По лицу Антуана разливалось видимое облегчение, но инквизитору все еще кое-что не нравилось. Не нравилось, с какой готовностью тот поддакивает: словно цепляется за чужие слова, не желая искать своих мыслей.

Но дискутировать было уже некогда. Лоп распахнул наружу тяжелую дверь, пропуская вперед суетливого Франа с огромным подносом. Гальярд внутренне застонал: попросил два глотка вина – а получил целую трапезу, с миской оливок, с нарезанным сыром, даже с дымящейся яичницей на деревянной дощечке…

– Фран! Это еще что за безобразие? Унесите это немедленно прочь!

– Да как же, отцы инквизиторы? Да вы ж с самого утра тут заседаете? Мария ведь старалась, яйца пекла, и сыр – вы не думайте – хороший, вареный, закусите хоть чуть-чуть…

Гальярд схватил кувшин с вином, другой рукой – глиняную чашку; больше рук не осталось – иначе принялся бы выталкивать тюремщика в спину.

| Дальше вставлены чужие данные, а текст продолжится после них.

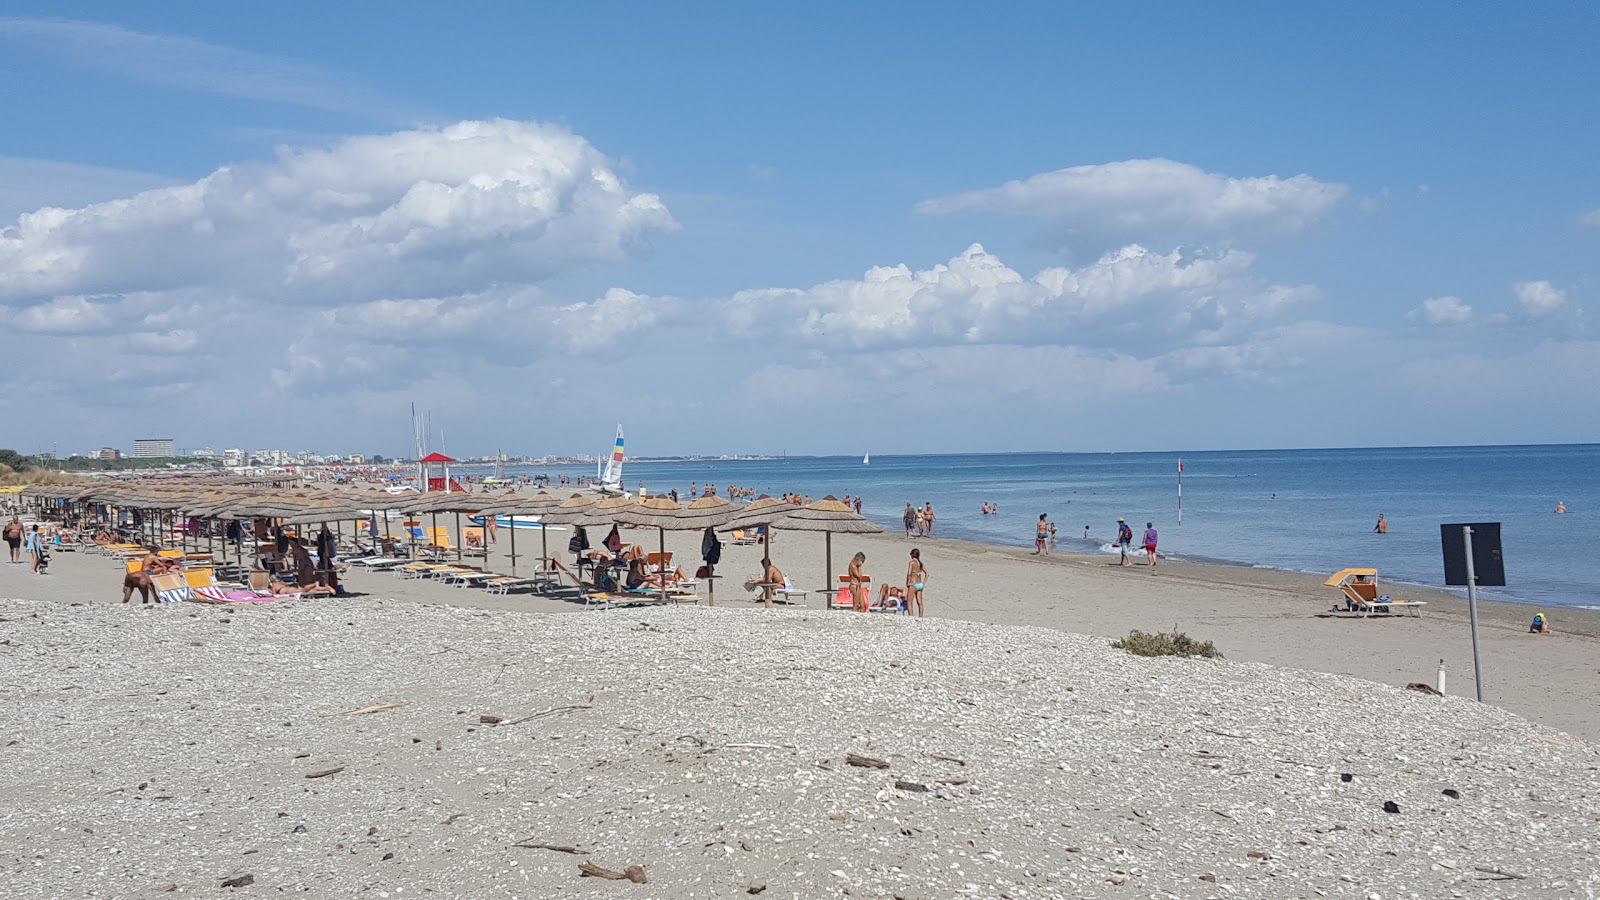 Fotografija Spiaggia di Comacchio nahaja se v naravnem okolju

– Я просил глоток вина, не более. Остальное унесите! Сейчас допрос будет!

– Так подождет еретичка-то, неужто не потерпит, пока господа инквизиторы перекусят… не графиня, чай, а если б даже и графиня…

– Вон! – рявкнул Гальярд – так, что внизу за решеткой содрогнулось сразу несколько заключенных. Монаху было совестно так грубо обращаться с человеком – но он достаточно хорошо знал свою же южную породу, чтобы понимать: иначе, вежливо, Франа с яичницей отсюда не выпрешь.

Тюремщик даже как-то сник, круглые плечи его опустились.

– Как скажете, отцы мои… Яйца-то я в печь поставлю, чтобы не остыли до вашего прихода…

– Хорошо, Фран, поставьте в печь, – Гальярд попытался подсластить лекарство своей кривой улыбкой, но сделал еще хуже. – И не держите обиды – при исполнении мы… Уходите же! Скорее! – опять почти крикнул он, расслышав за дверью некое движение – но не успел. Охранник Ферран, ведший за плечо худышку заключенную, столкнулся в дверях с собственным начальством и едва не своротил на пол нагруженный снедью поднос. Гальярд молча ждал, пока те разминутся и обменяются положенными репликами – негодующими ли, извиняющимися. На щеках инквизитора горели красные пятна. Отличное начало допроса, ничего не скажешь. Как говорил святой отец Иннокентий графу Раймону Седьмому – благое начало, благой конец…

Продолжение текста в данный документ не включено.